What is expected
Write the data below out exactly as it stands. Do not include the pictures.
BEGIN Information provided
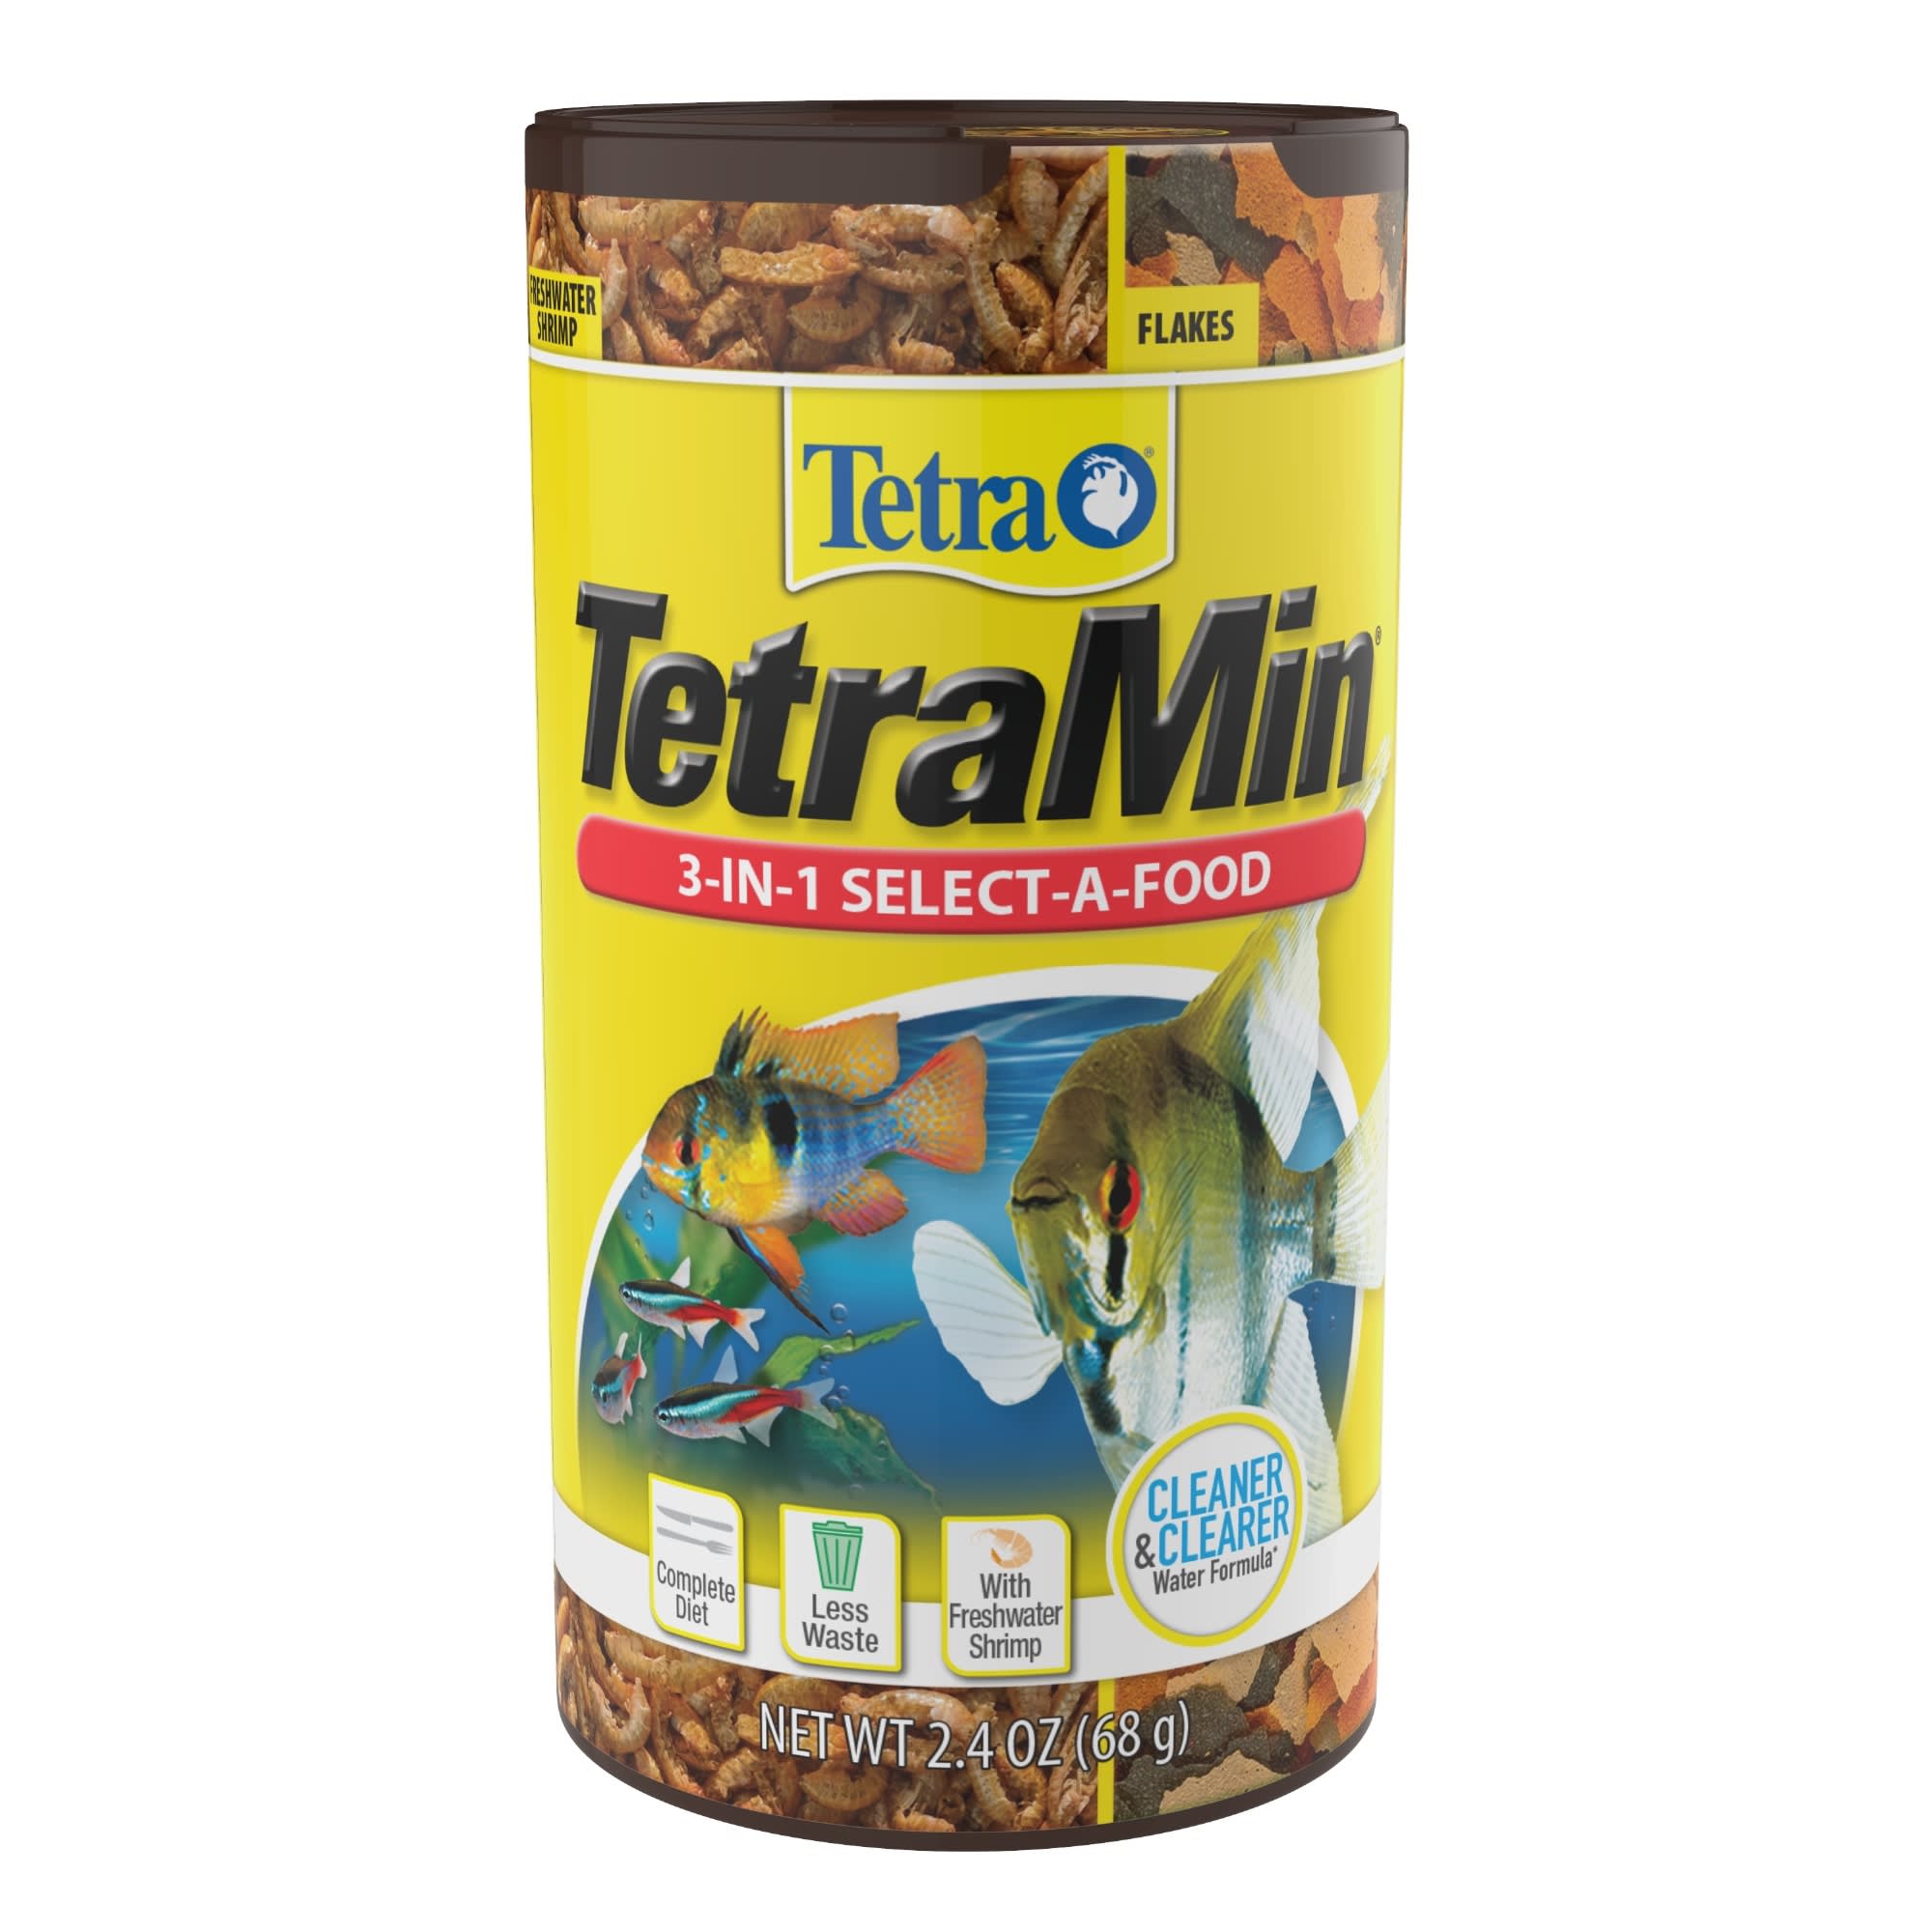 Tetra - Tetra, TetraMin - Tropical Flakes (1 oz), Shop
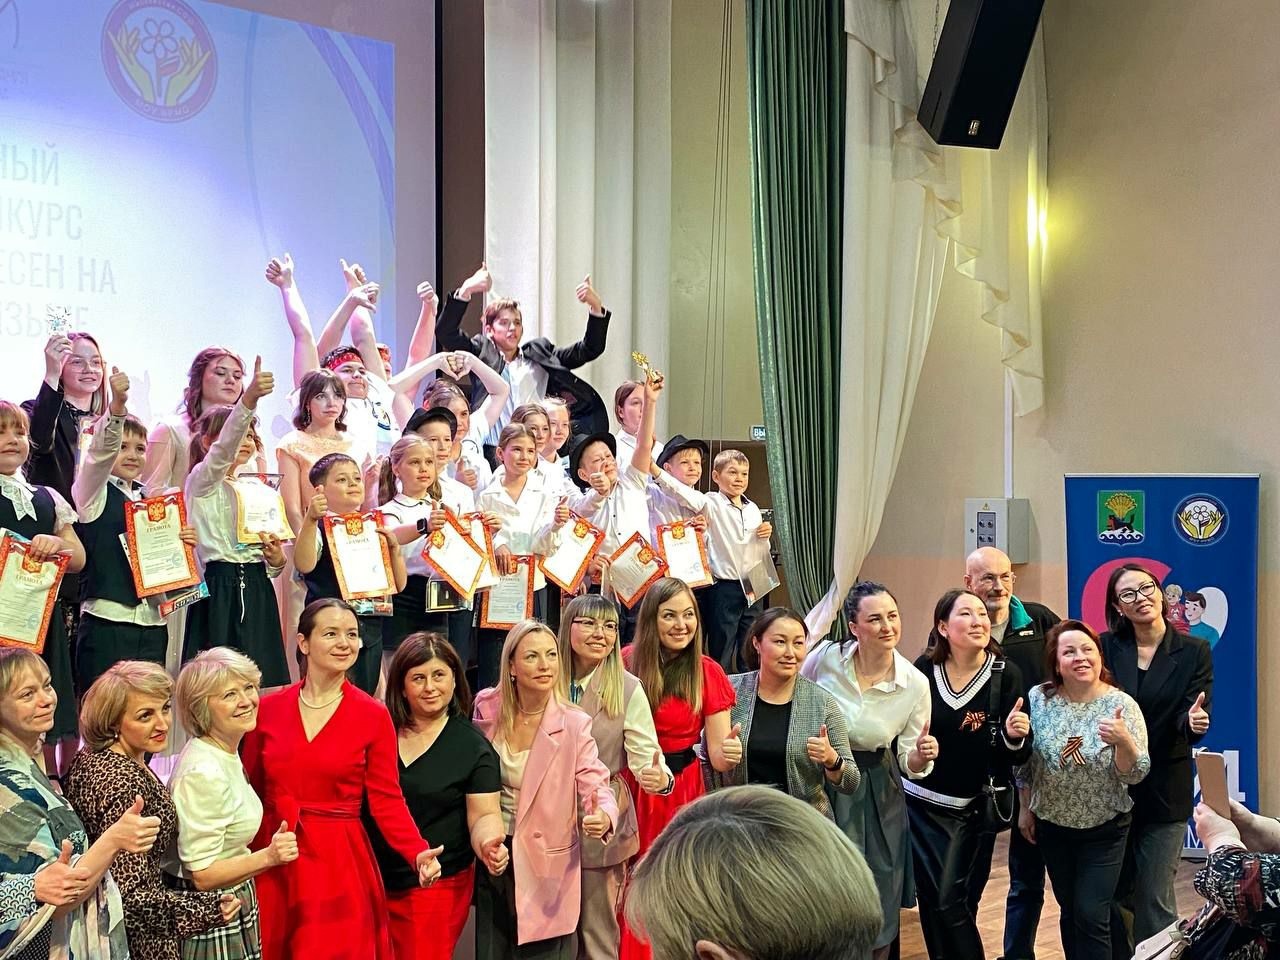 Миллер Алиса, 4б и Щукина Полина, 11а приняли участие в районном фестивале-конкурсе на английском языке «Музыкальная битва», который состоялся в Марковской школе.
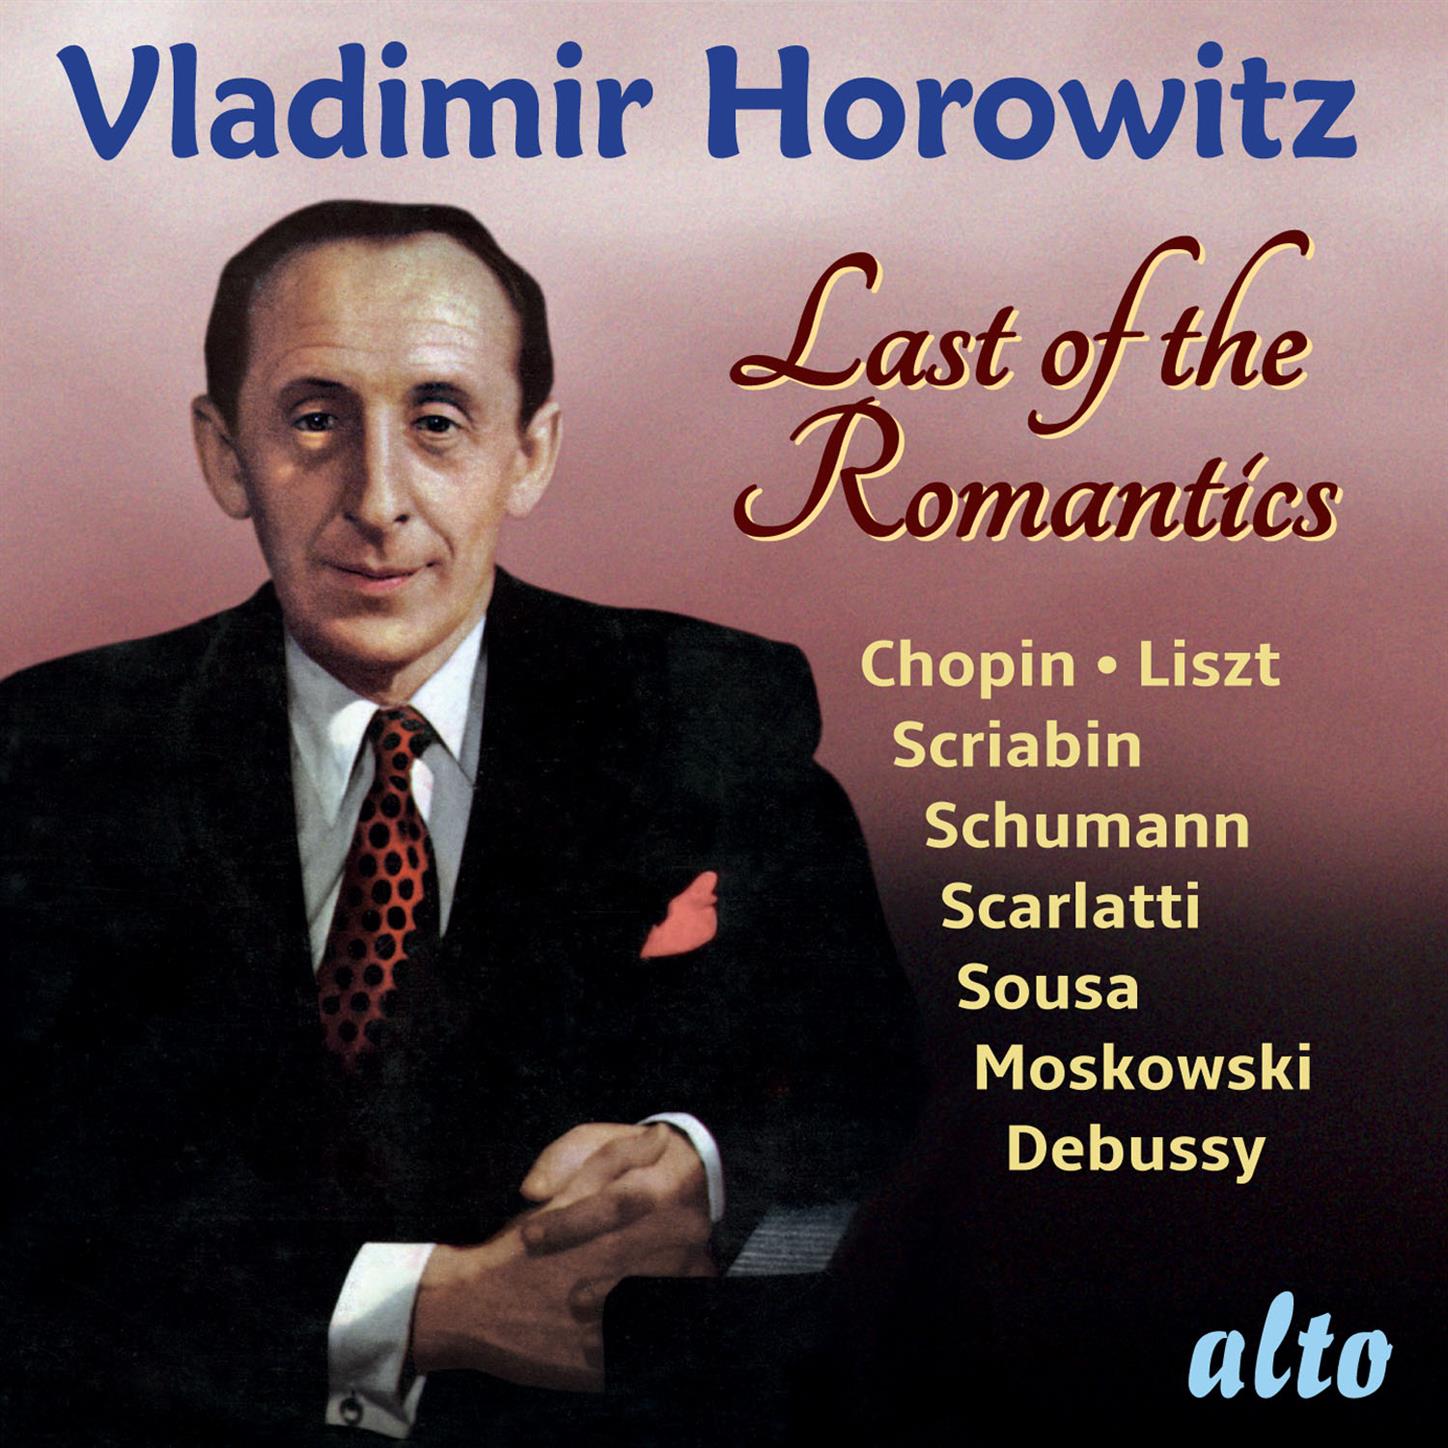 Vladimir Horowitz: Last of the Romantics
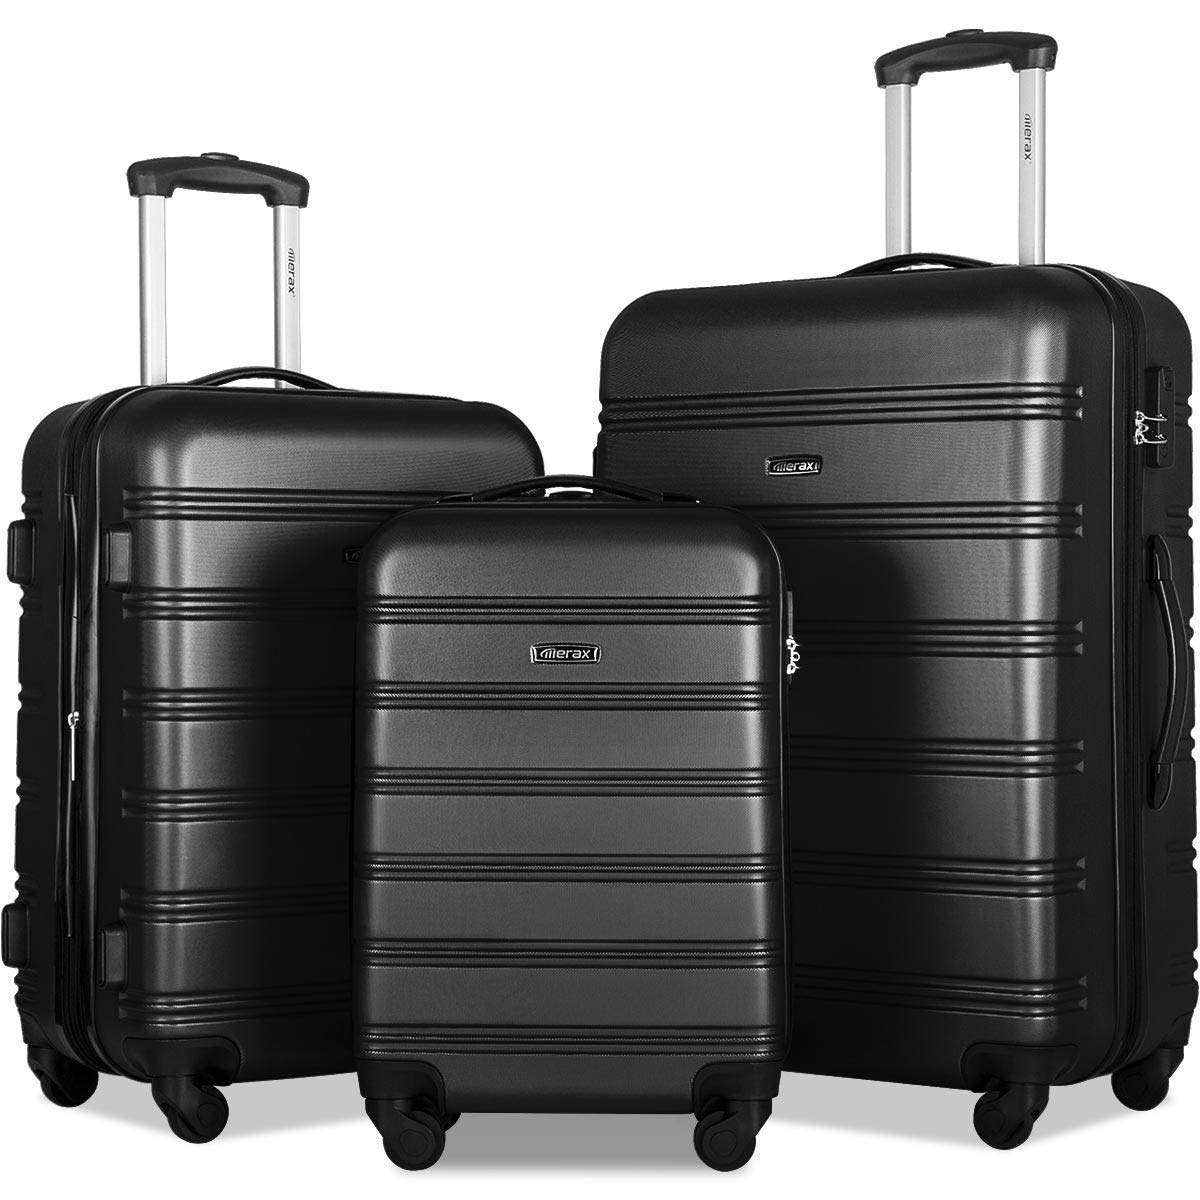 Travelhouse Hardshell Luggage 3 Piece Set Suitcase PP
END Information provided
Worked solution
 Tetra - Tetra, TetraMin - Tropical Flakes (1 oz), Shop
 Миллер Алиса, 4б и Щукина Полина, 11а приняли участие в районном фестивале-конкурсе на английском языке «Музыкальная битва», который состоялся в Марковской школе.
 Vladimir Horowitz: Last of the Romantics
 Travelhouse Hardshell Luggage 3 Piece Set Suitcase PP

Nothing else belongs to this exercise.